# Sick of aquariums



## Quartzyellowjacket (Oct 4, 2012)

So I've been looking around my house for aquariums (I've currently got three not in use) And I know one is a ten gallon. So I check the others and they're both 20 gallons, but I wanted a Blue tongue skink but they need a 40 gallon. But bad news is that a 40 gallon would drain about 80 to 90 bucks out of my wallet, so I guess I'll just make my own cage again. Since I've already stocked up on aspen bedding i'll be fine with that, I guess it's to the hardware store.


----------



## BamaTegu (Oct 4, 2012)

Petco has the dollar per gallon sale on right now. It's for the 10g, 20g and 40g. I have my blue tongue skink in a 40g


----------



## TeguBlake (Oct 5, 2012)

Ver true man! You can have a better controlled humidity level in a tank!


----------



## HeatherN (Oct 5, 2012)

those sales vary on location and store. we never have those sales around here! but its true, aquariums are a cash drainer.


----------



## TeguBlake (Oct 5, 2012)

I bought a 40 long at my petco for 35, must be a Texas thingy idk though lol.


----------



## MrNiceGuy736u (Oct 5, 2012)

TeguBlake said:


> I bought a 40 long at my petco for 35, must be a Texas thingy idk though lol.
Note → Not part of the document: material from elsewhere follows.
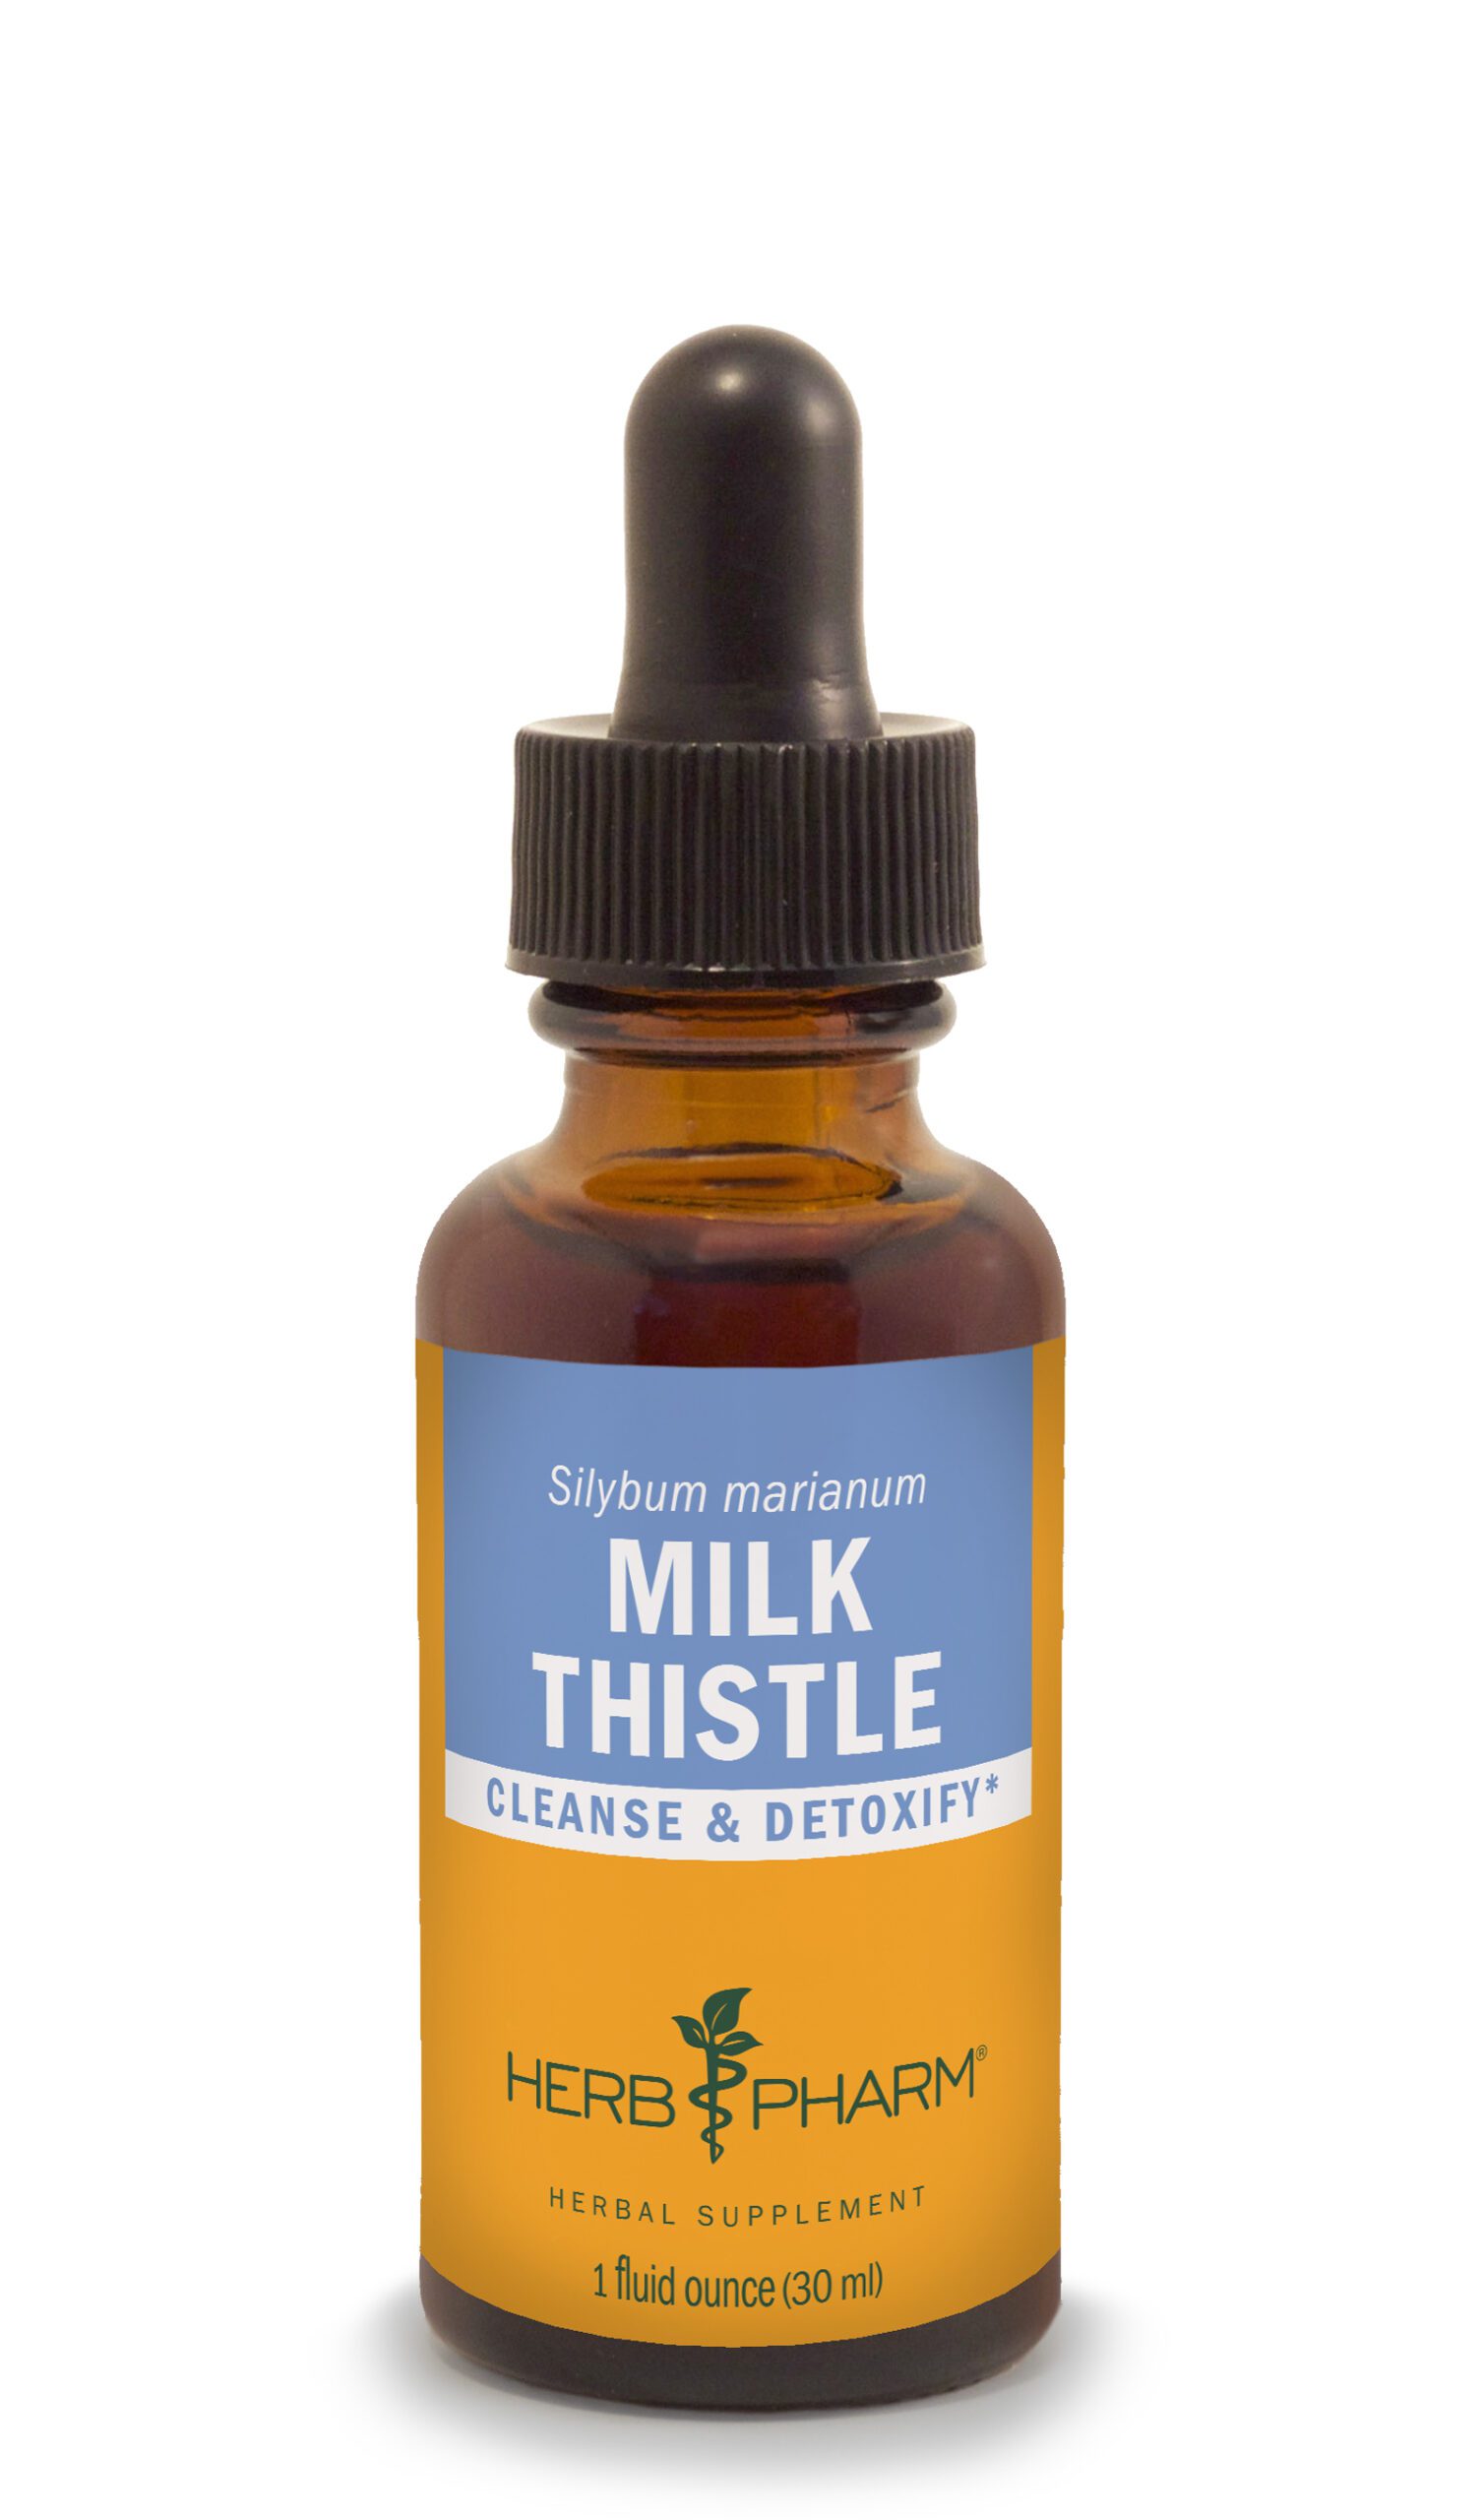 Product Listing Image for Herb Pharm Milk Thistle Tincture 1oz

Lucky! Wait my girlfriend works at petco so i get 20% discount on everything! Mwaahaha and that fish place that pet place is down the road and there about 50% cheaper than petco.


----------



## larissalurid (Oct 19, 2012)

Yea when getting my merauke bts I was lucky to have caught the dollar per gallon sale at the right time and got the 40g breeder for $40. Otherwise just make your own 4x2 and they'll have even more room (which they definitely use, i'm planning on getting a larger cage for my merauke in the future)


----------



## frost (Oct 20, 2012)

too bad you dont live near me. i have 40 and 75 gallons that i was trying to sell for real cheap.


----------